E-tolls 'systematically collapsing' - MP

Cape Town - Only one in every two motorists in Gauteng is registered for e-tolls, with significant numbers of motorists deregistering from the system which is barely a year old.

Transport Minister Dipuo Peters has delivered a candid reply to Anton Alberts, a Freedom Front Plus MP, who asked in a parliamentary question how many Gauteng e-toll users had deregistered since January 1 2013 until the last specified date for which information was available.

He also asked what amount had been raised in e-toll fees every month since the system was commissioned on December 3 2013, and how many users have been deregistered.

First month of operations

Peters replied that 1.25 million motorists have “active accounts registered on the (South African National Roads Agency) system”, although there are some 2.5 million users of the e-toll system each month. This implies that only about half of the users are paying toll fees.

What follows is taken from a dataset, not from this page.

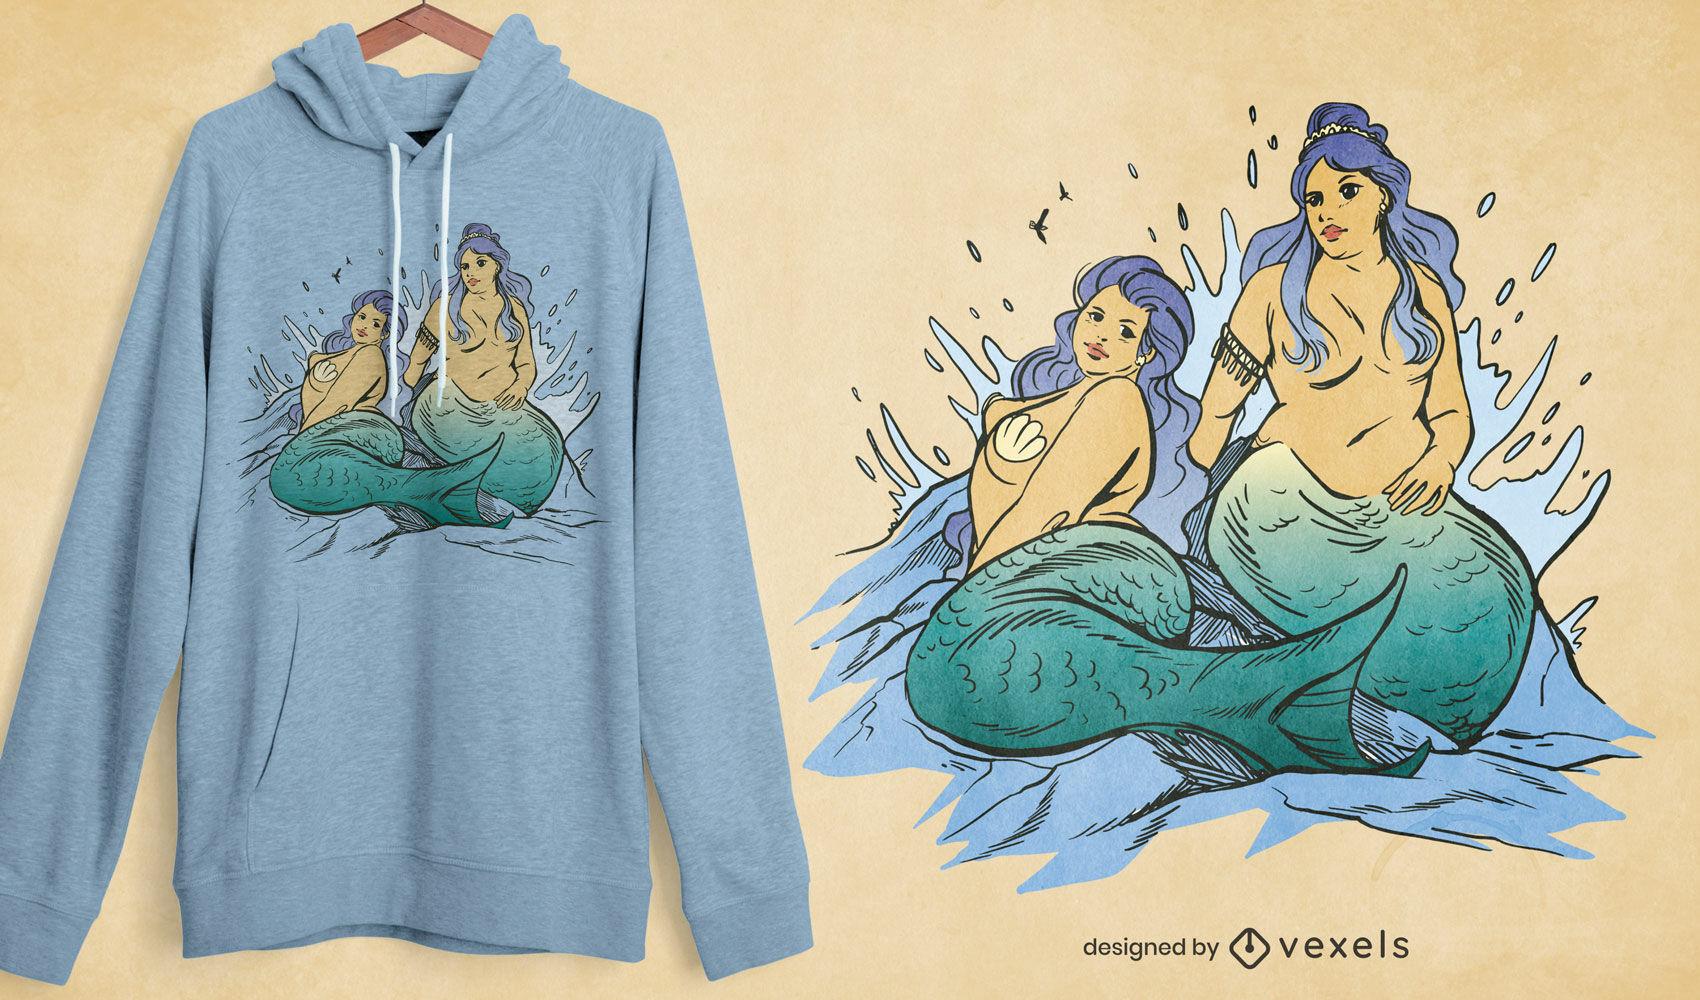 Plus sized mythological mermaids t-shirt design

In addition Peters noted that nearly 100 000 motorists have de-registered from the system. “As at 30 September 2014, 93 292 account units have been de-registered,” reported Brown.

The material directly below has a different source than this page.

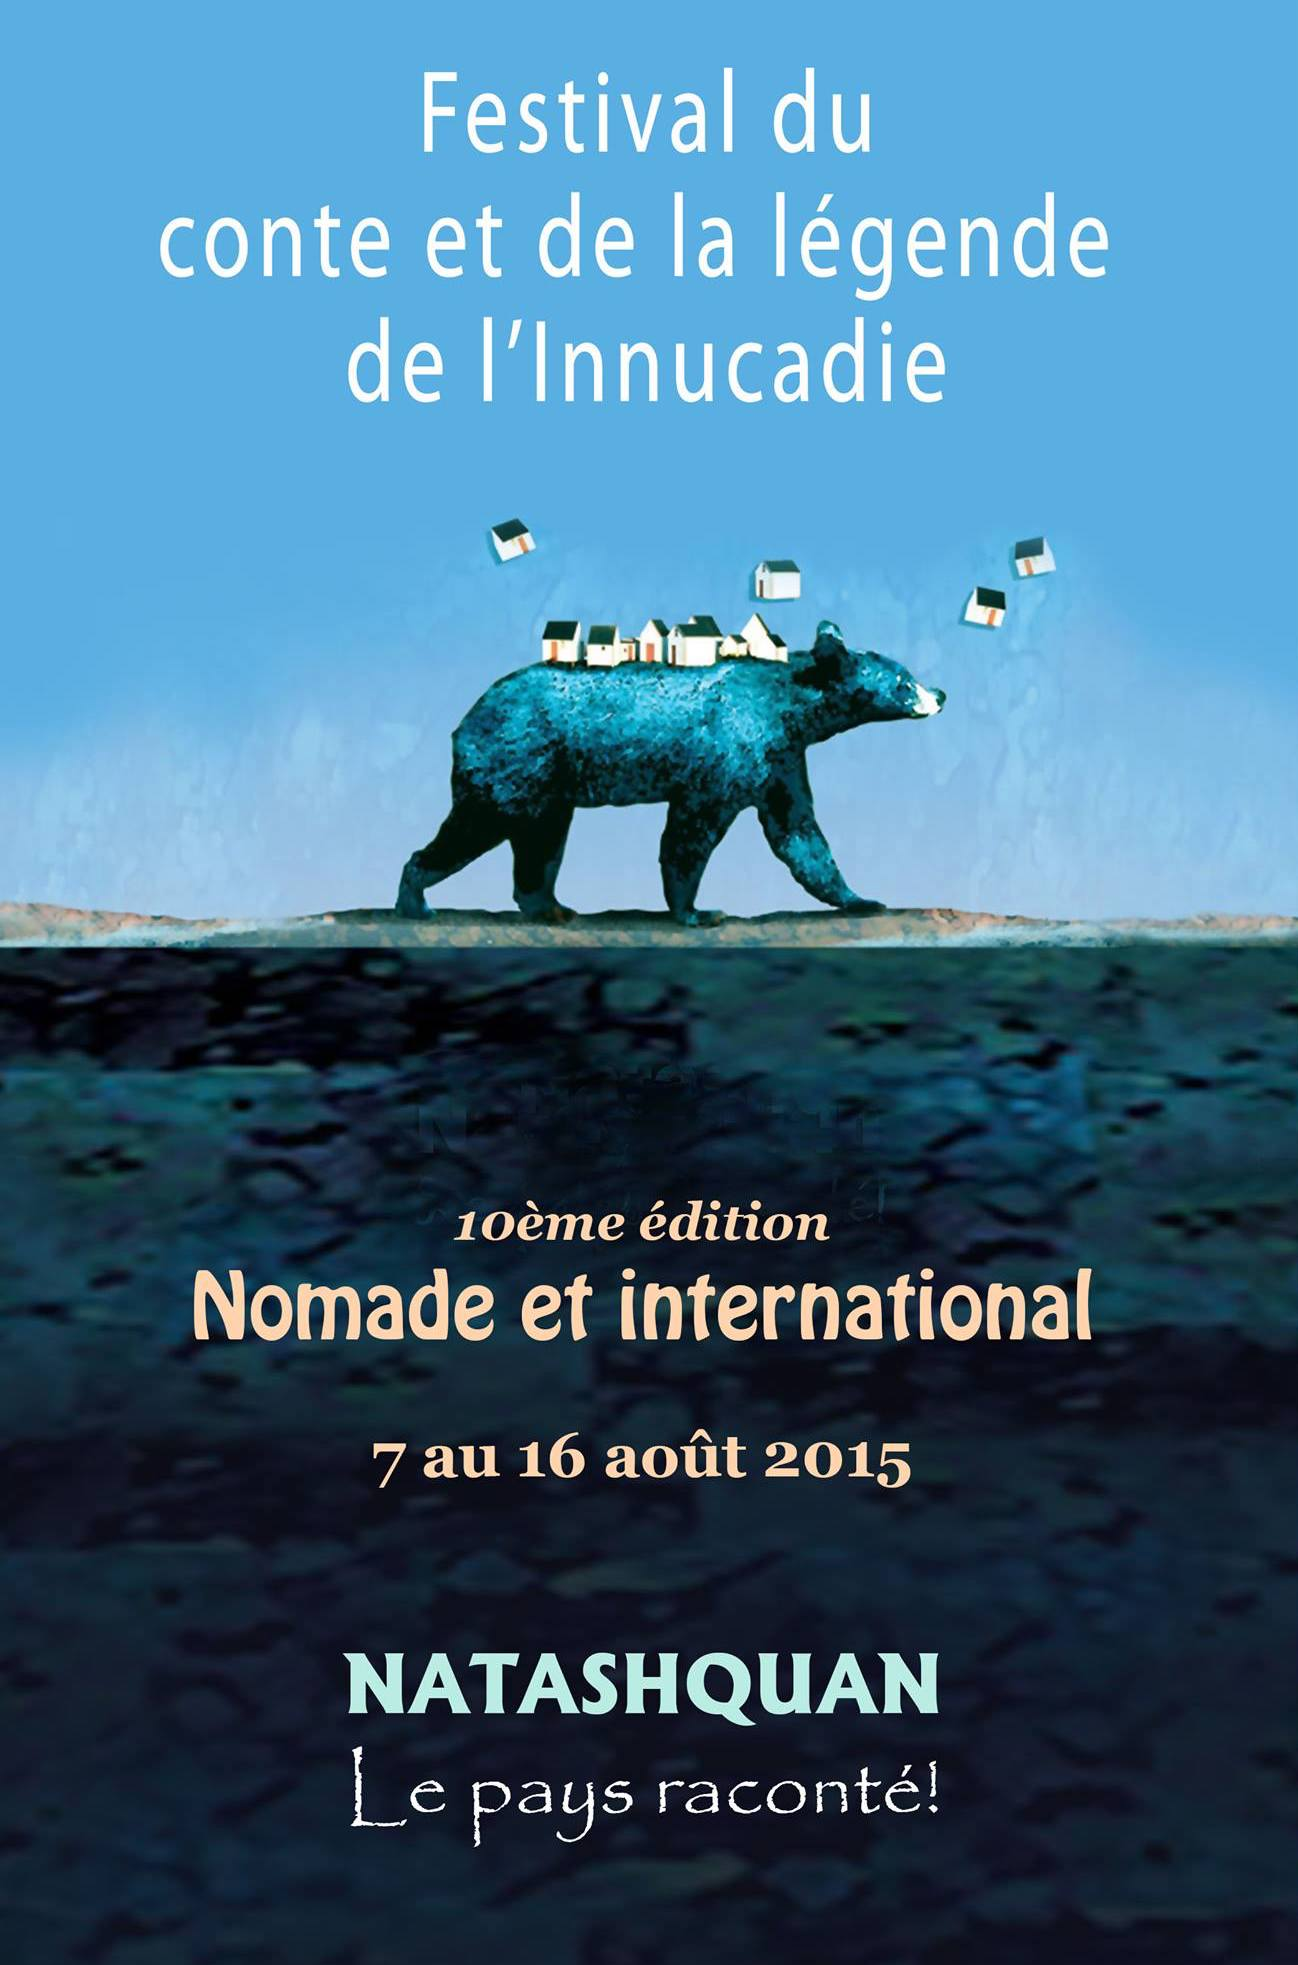 Dignitaires et affiches (2006-2021) |

Income from the tolls reached a peak of R120m in June last year, but had dropped steadily in succeeding months. It dropped to R119m in July 2014, then to R98m in August, then to R86m in September - the last month for which information is available.

Altogether R994.7m was raised between December 2013 and September 2014. In its first month of operation R51.7m was raised. This rose to R81.2m in January last year, then again to R94.5m in February 2014. In March receipts grew to R106m, jumping against to R118m in April. Then in May the figure dropped to R117m, rising to its historic high of R120m in June 2014.

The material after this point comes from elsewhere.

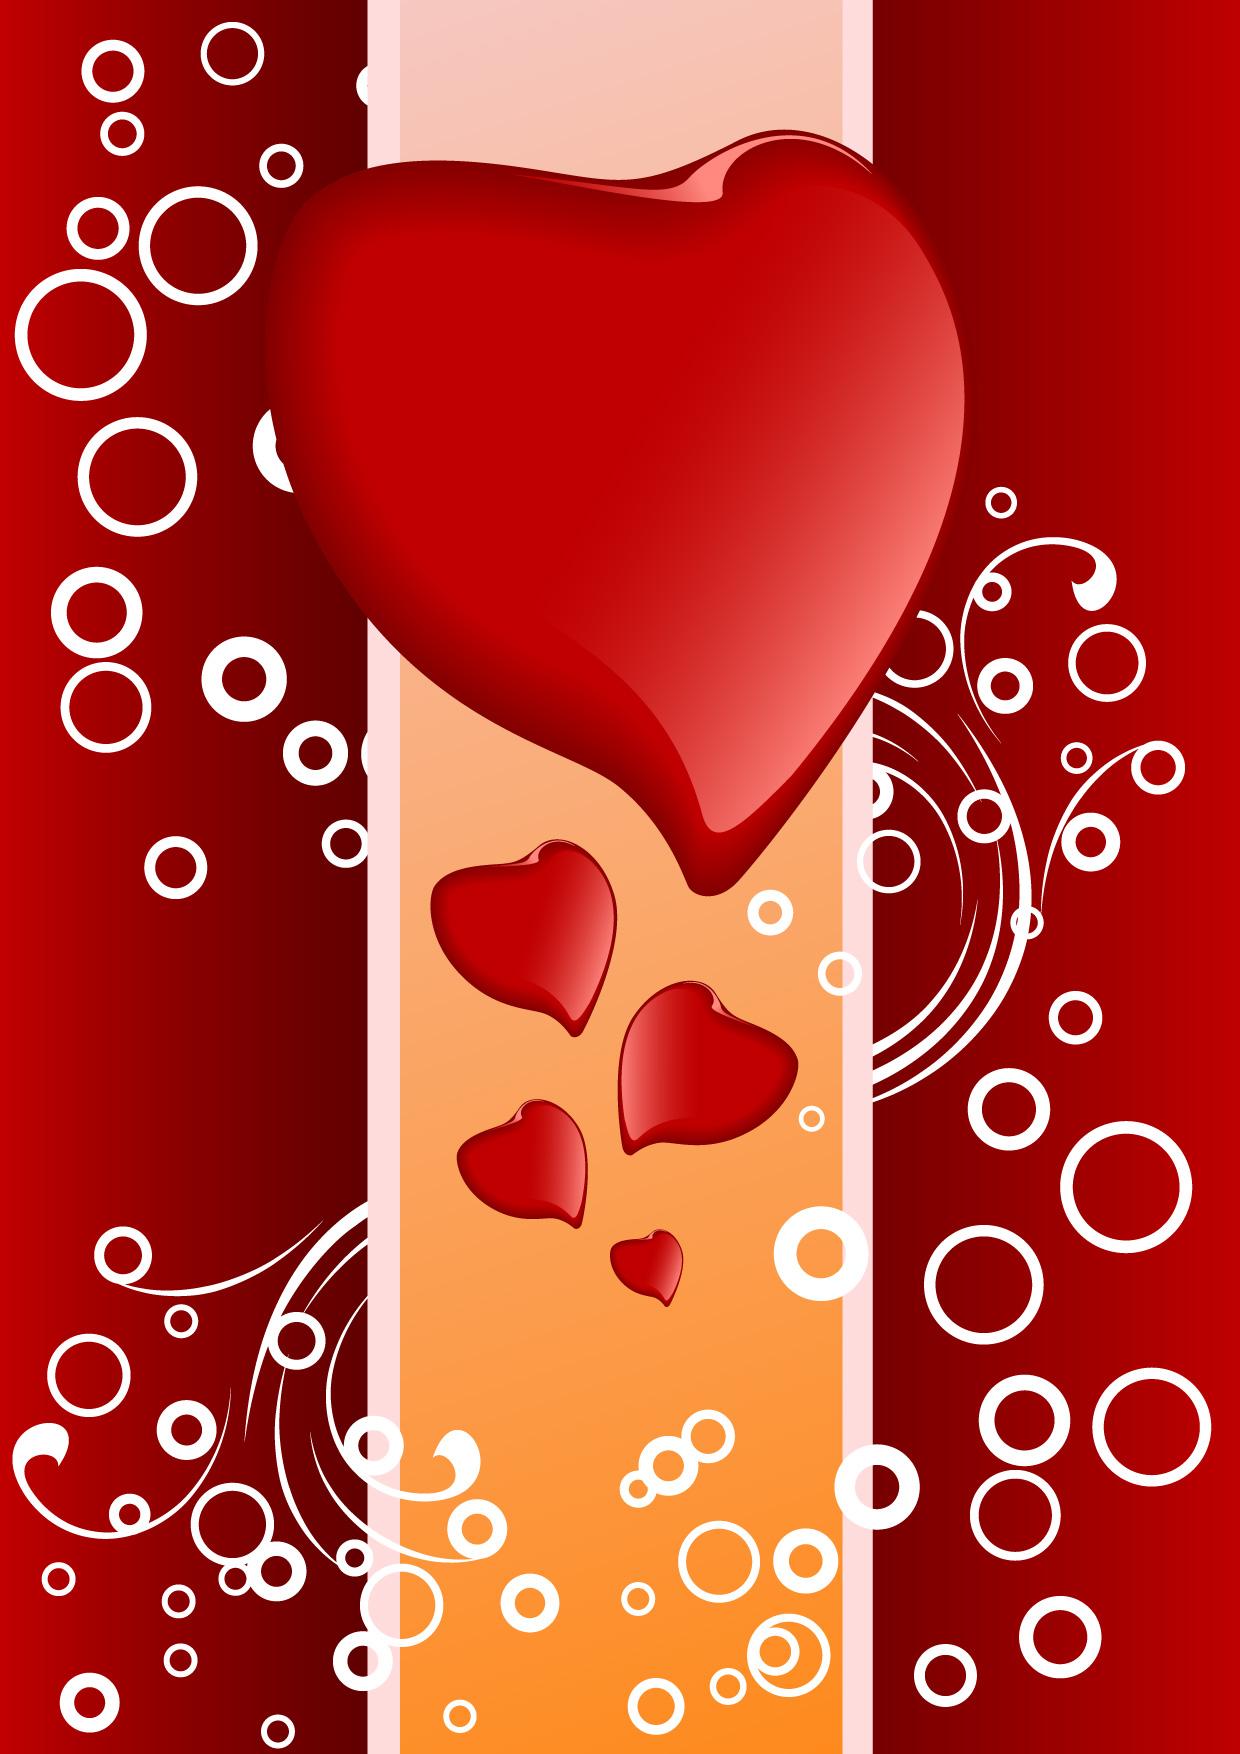 cuori – hearts_7

Alberts said it is clear from the answer that the Gauteng e-toll system “is systematically collapsing”. This has been publicly acknowledged by the minister.

Temporary fuel levy

He said the de-registration of nearly 100 000 motorists represents “an enormous number” who are questioning the legitimacy of the system. “If the trend continues, Sanral will lose about 100 000 road users every year with the accompanying loss of income as those who de-register do not pay e-tolls.”

The drop-off in payments indicates that Sanral will reach “a critical point of unsustainability” at some point not far away.

Alberts said a way of financing the highway project - and clearing the Sanral debt on the project - would be to institute a temporary fuel levy instead of the tolls.

He said the Tollgate Action Group - which includes the Freedom Front Plus - would consider further court action against the ANC government “to scrap the e-toll system” as soon as the e-toll panel’s report on the socio-economic impact of tolls is released.

Gauteng premier David Makhura reported in December that the panel has received input from labour, the public, business and political parties - most of which opposed the system. But he said the findings would only be released once discussed with national and local government.